Julia Threads vs BLAS threads

juthohaegeman · February 8, 2018, 12:30am

I am experimenting with Julia’s (experimental) multithreading feature recently and like the results so far. One of the problems I need to deal with, involves the multiplication of several pairs (say in the order 5 to 50) of matrices, whose size is average (say linear size in the order 10 - 1000). For that problem, there can be a competition between either using Julia threads (to loop over the different pairs) versus using multithreaded matrix multiplication provided by BLAS, and it will depend on the specific problem case (number of pairs and size of the matrices involved) which is most advantageous.

However, it seems that using BLAS.set_num_threads(n) is

very inflexible (e.g. how to obtain the current or default number of threads?)
very slow (order 350 microseconds, which is much more than the time required to e.g. multiply 100 x 100 matrices).
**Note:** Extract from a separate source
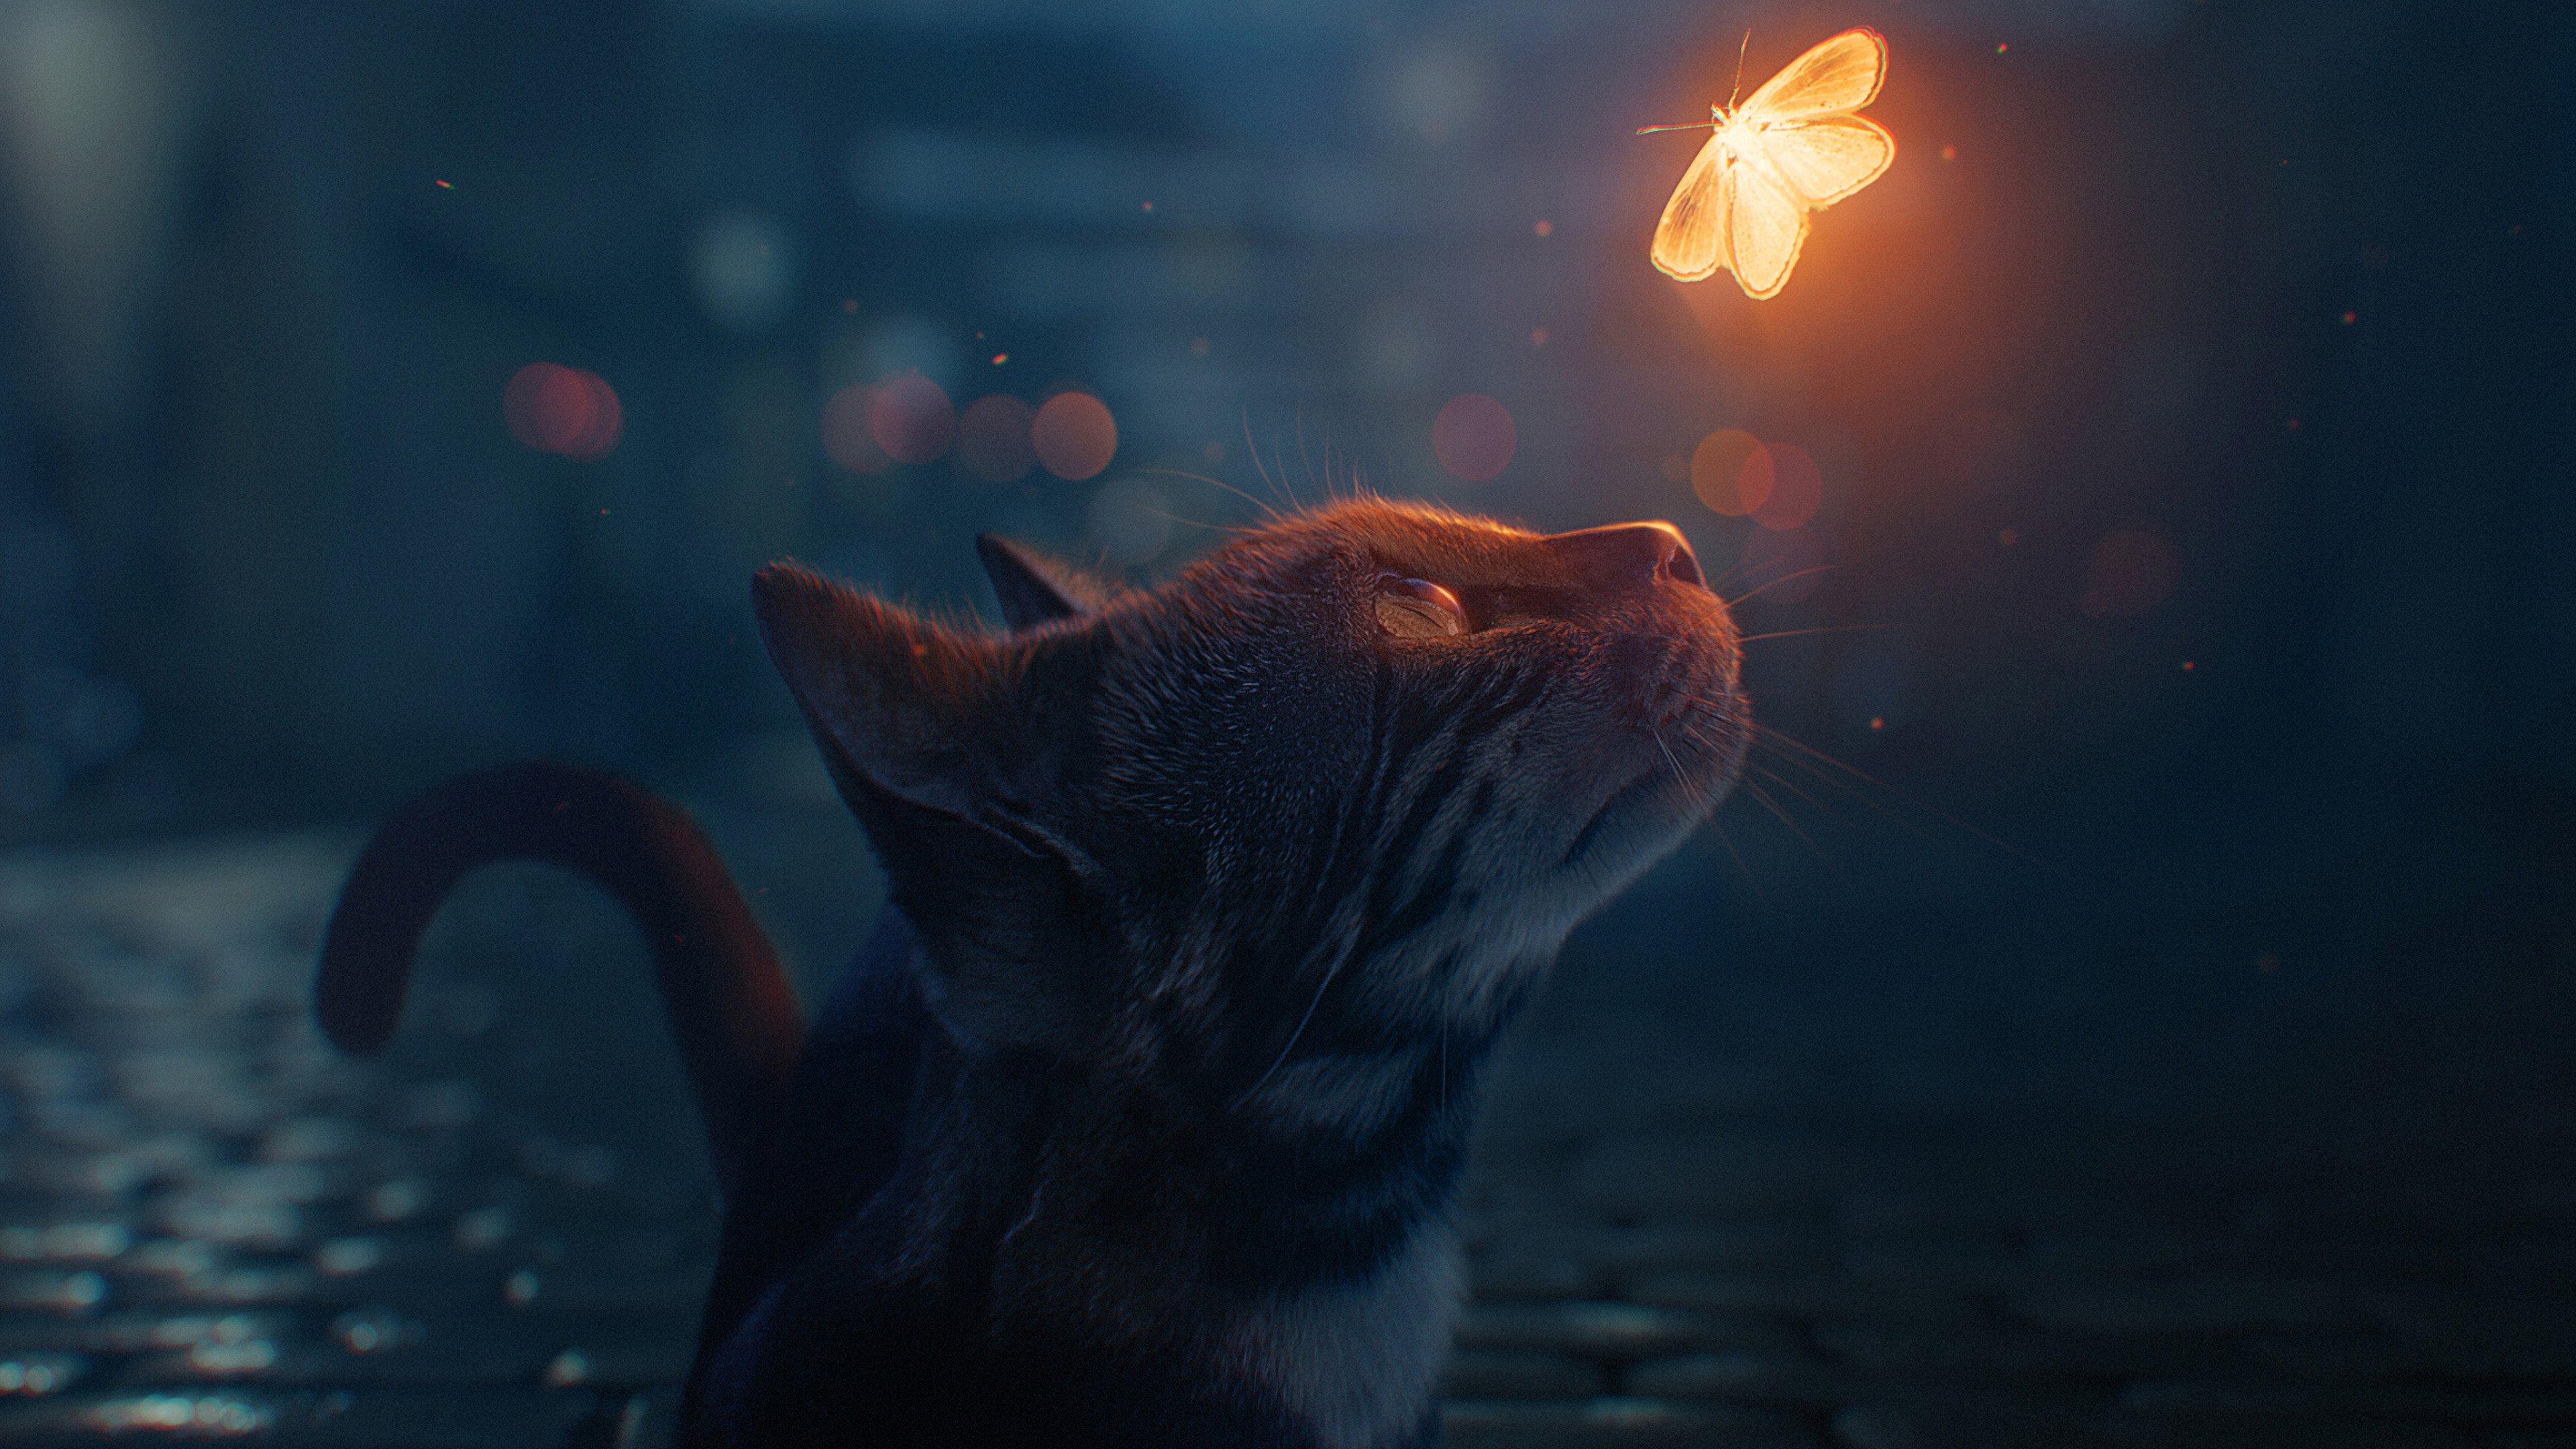 Fondos de pantalla Gato con mariposa de fantasía

So it’s not a feasible solution to just modify the number of BLAS threads depending on a quick analysis of the specific case, as that operation itself would take all the time.

As an alternative, I started experimenting with just using BLAS.set_num_threads(1) in the beginning of my script/module, and then using my own multithreaded matrix multiplication

function mymul!(C,A,B)
       (m,n) = size(C)
       mhalf = m>>1
       nhalf = n>>1
       mrange = (1:mhalf,1:mhalf,(mhalf+1):m,(mhalf+1):m)
       nrange = (1:nhalf,(nhalf+1):n,1:nhalf,(nhalf+1):n)
       Threads.@threads for i = 1:4
           mul!(view(C,mrange[i],nrange[i]),view(A,mrange[i],:),view(B,:,nrange[i]))
       end
       return C
end

(here specifically for square matrices and 4 threads, but a slightly more generic strategy can easily be written)
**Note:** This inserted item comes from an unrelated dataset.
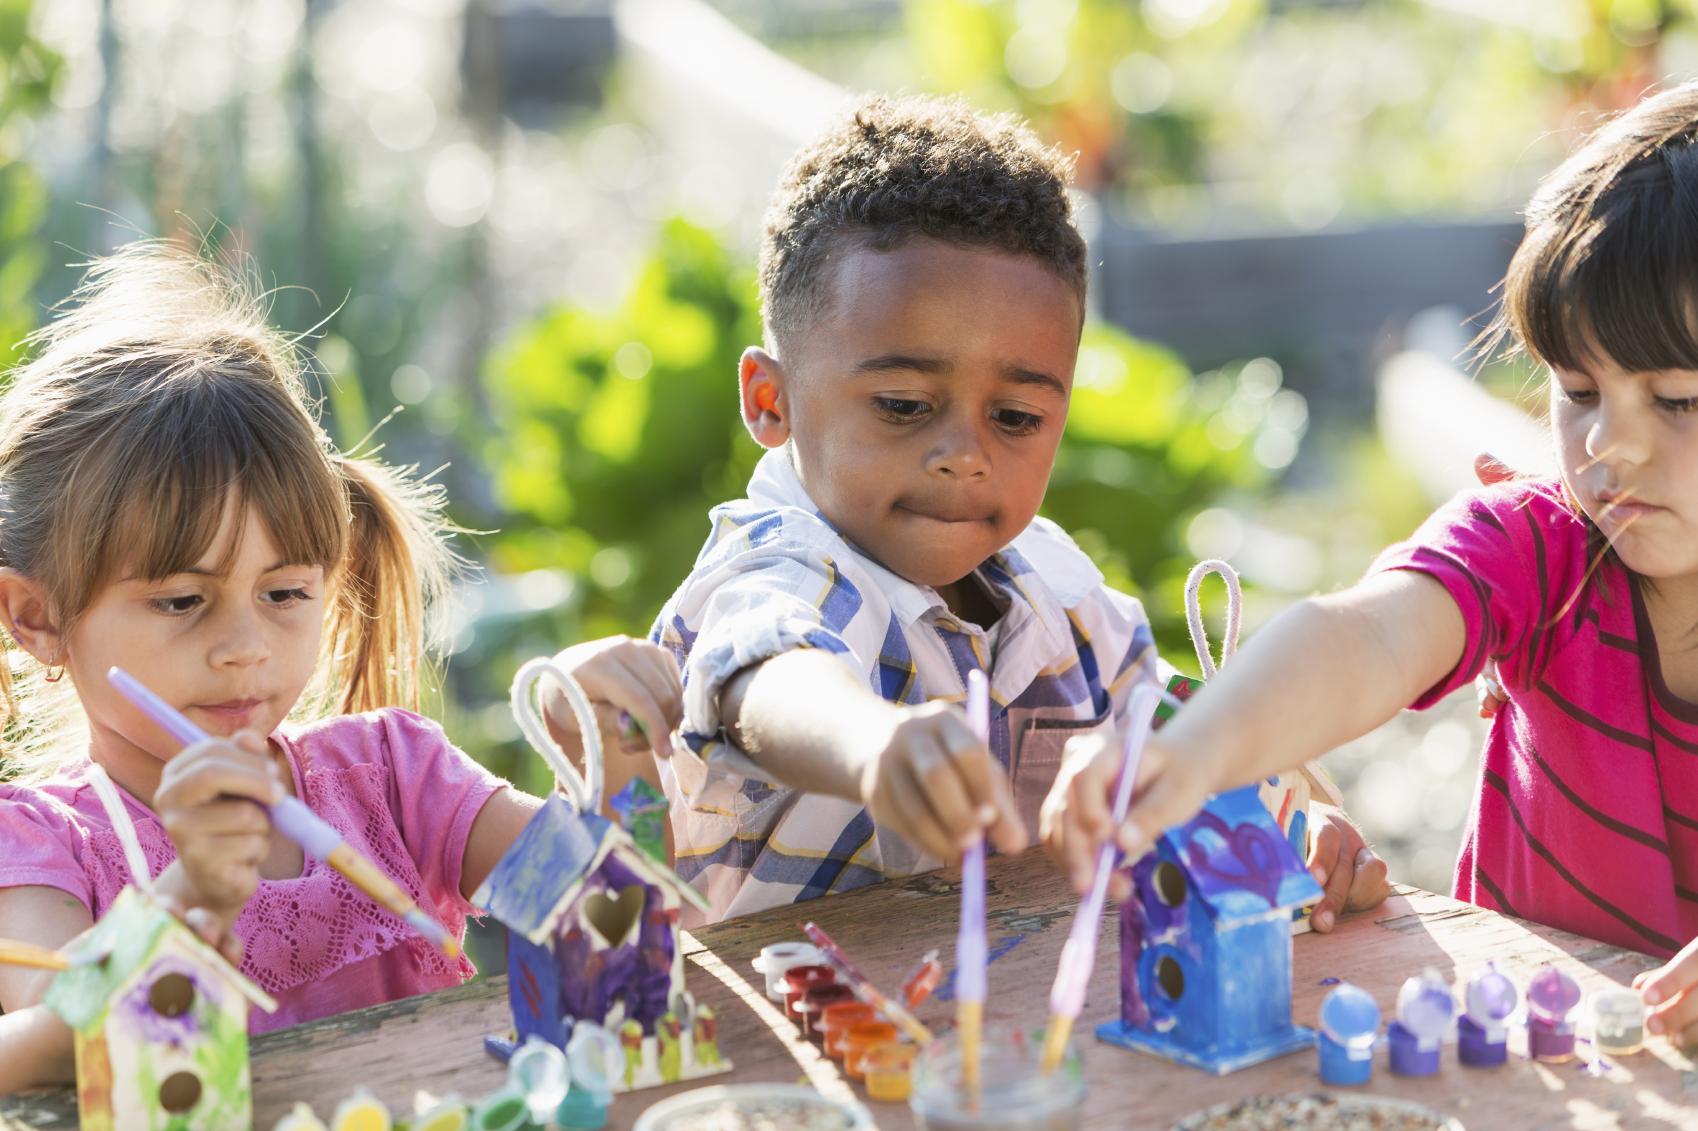 kindergarten way of the future

This seems to work surprisingly well, i.e. there is no noticeable difference with the multithreading provided by BLAS. But the advantage is that, if mymul! is called from withing a threaded loop, then it will in itself automatically run single-threaded.
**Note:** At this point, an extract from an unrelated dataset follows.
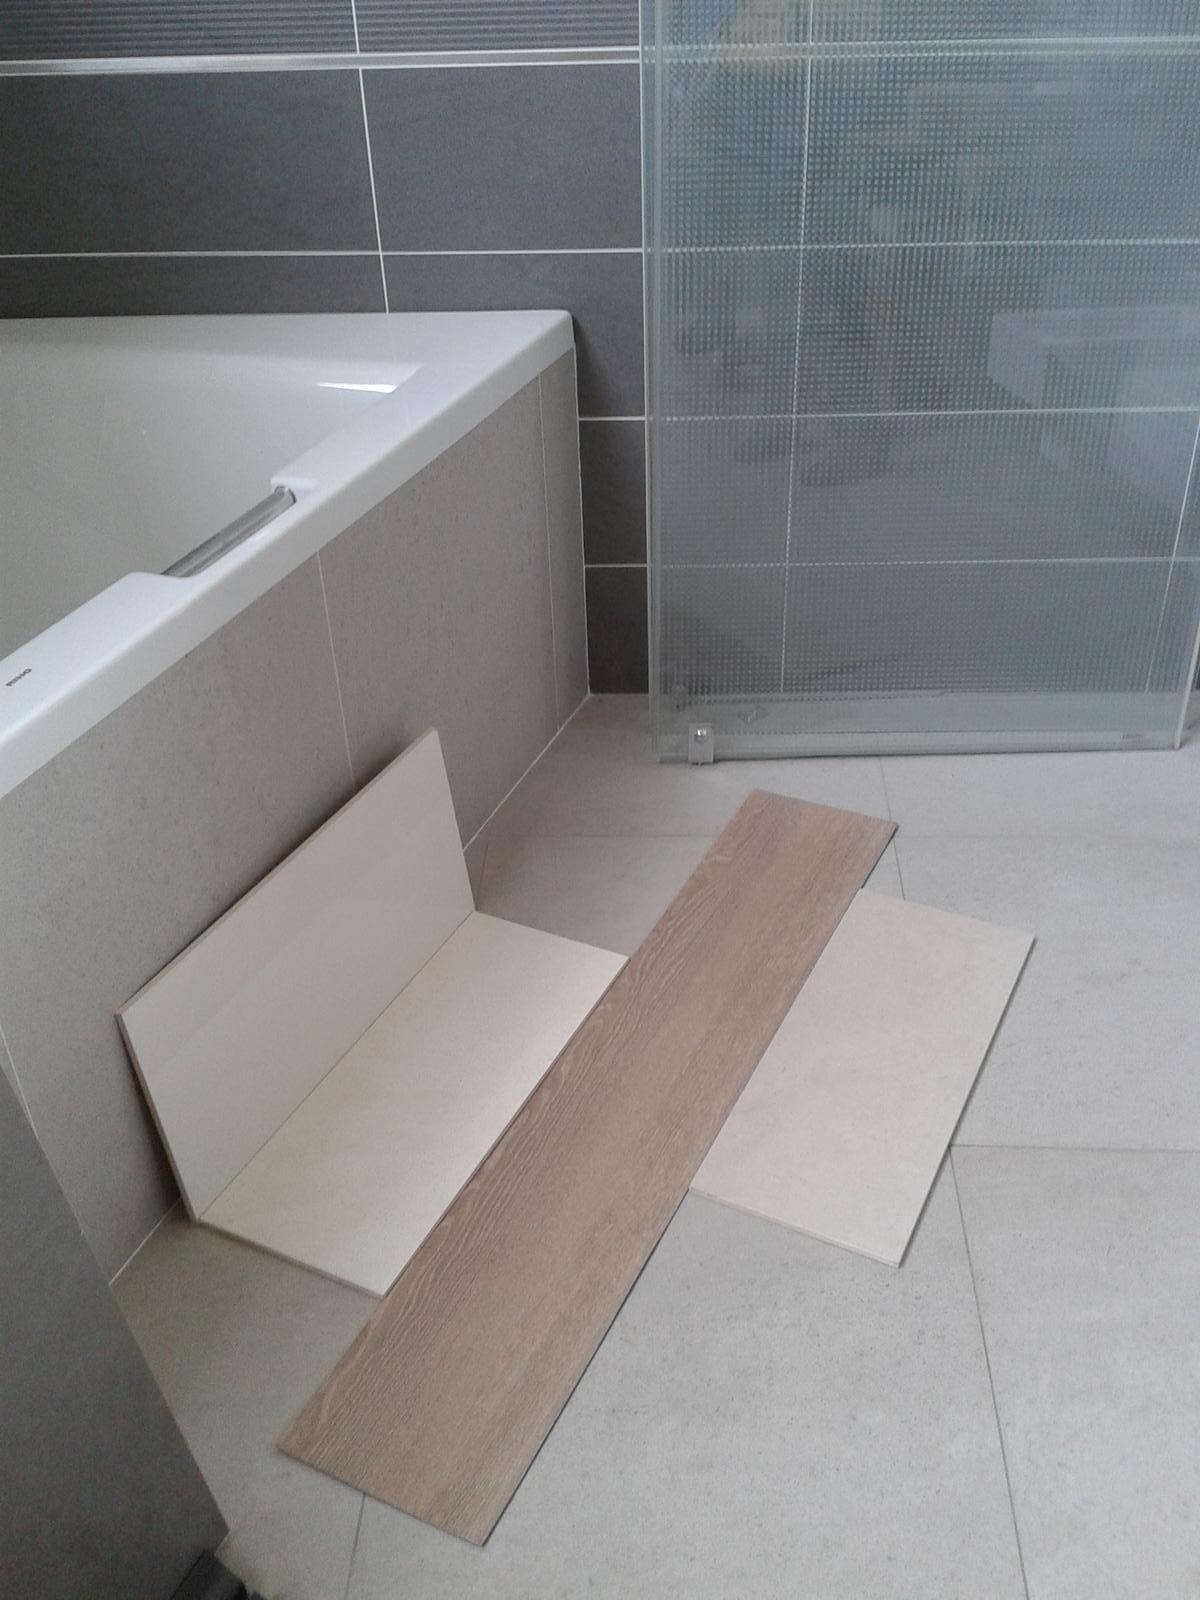 Mala panelakova koupelna - Obrázek č. 35

So my question is whether this is something that will need to be considered in Julia Base / LinearAlgebra as the multithreaded features of julia become more established, or whether there are alternative solutions?

louisponet · February 8, 2018, 9:43am

What do you mean by that? Did you observe a performance decrease if you are using all cores for threads, and BLAS tries to use more threads to do the matrix multiplication? I’m wondering because I’m doing this a lot and haven’t experimented with the different combinations of BLAS threads vs julia threads

carstenbauer · February 8, 2018, 10:01am

See How do you *get* the number of threads for BLAS operations in Julia? - Stack Overflow

juthohaegeman · February 8, 2018, 1:12pm

Start julia with export JULIA_NUM_THREADS=4

julia> Alist=[randn(100,100) for i = 1:20];
julia> Blist=[randn(100,100) for i = 1:20];
julia> Clist=[zeros(100,100) for i = 1:20];
julia> function manymul!(Clist::Vector{<:Matrix},Alist::Vector{<:Matrix},Blist::Vector{<:Matrix})
       for i = 1:length(Clist)
           A_mul_B!(Clist[i],Alist[i],Blist[i])
       end
       return Clist
       end
julia> function manymul_threaded!(Clist::Vector{<:Matrix},Alist::Vector{<:Matrix},Blist::Vector{<:Matrix})
       Threads.@threads for i = 1:length(Clist)
           A_mul_B!(Clist[i],Alist[i],Blist[i])
       end
       return Clist
       end
julia> using BenchmarkTools
julia> @benchmark manymul!($Clist,$Alist,$Blist)
BenchmarkTools.Trial: 
  memory estimate:  0 bytes
  allocs estimate:  0
  --------------
  minimum time:     568.517 μs (0.00% GC)
  median time:      793.869 μs (0.00% GC)
  mean time:        773.689 μs (0.00% GC)
  maximum time:     5.168 ms (0.00% GC)
  --------------
  samples:          6439
  evals/sample:     1
julia> @benchmark manymul_threaded!($Clist,$Alist,$Blist)
BenchmarkTools.Trial: 
  memory estimate:  48 bytes
  allocs estimate:  1
  --------------
  minimum time:     752.751 μs (0.00% GC)
  median time:      859.177 μs (0.00% GC)
  mean time:        918.596 μs (0.00% GC)
  maximum time:     1.594 ms (0.00% GC)
  --------------
  samples:          5424
  evals/sample:     1
julia> BLAS.set_num_threads(1)

julia> @benchmark manymul!($Clist,$Alist,$Blist)
BenchmarkTools.Trial: 
  memory estimate:  0 bytes
  allocs estimate:  0
  --------------
  minimum time:     1.115 ms (0.00% GC)
  median time:      1.132 ms (0.00% GC)
  mean time:        1.182 ms (0.00% GC)
  maximum time:     2.263 ms (0.00% GC)
  --------------
  samples:          4222
  evals/sample:     1
julia> @benchmark manymul_threaded!($Clist,$Alist,$Blist)
BenchmarkTools.Trial: 
  memory estimate:  48 bytes
  allocs estimate:  1
  --------------
  minimum time:     345.441 μs (0.00% GC)
  median time:      525.534 μs (0.00% GC)
  mean time:        482.553 μs (0.00% GC)
  maximum time:     11.142 ms (0.00% GC)
  --------------
  samples:          10000
  evals/sample:     1

So for this case: julia threading over the list (benchmark 4) is favorable to BLAS threading of the individual multiplications (benchmark 1), and combining julia threading with BLAS threading (benchmark 2, leading to hypothetically 4x4 = 16 threads on my quad core) is worse than either 4 or 1.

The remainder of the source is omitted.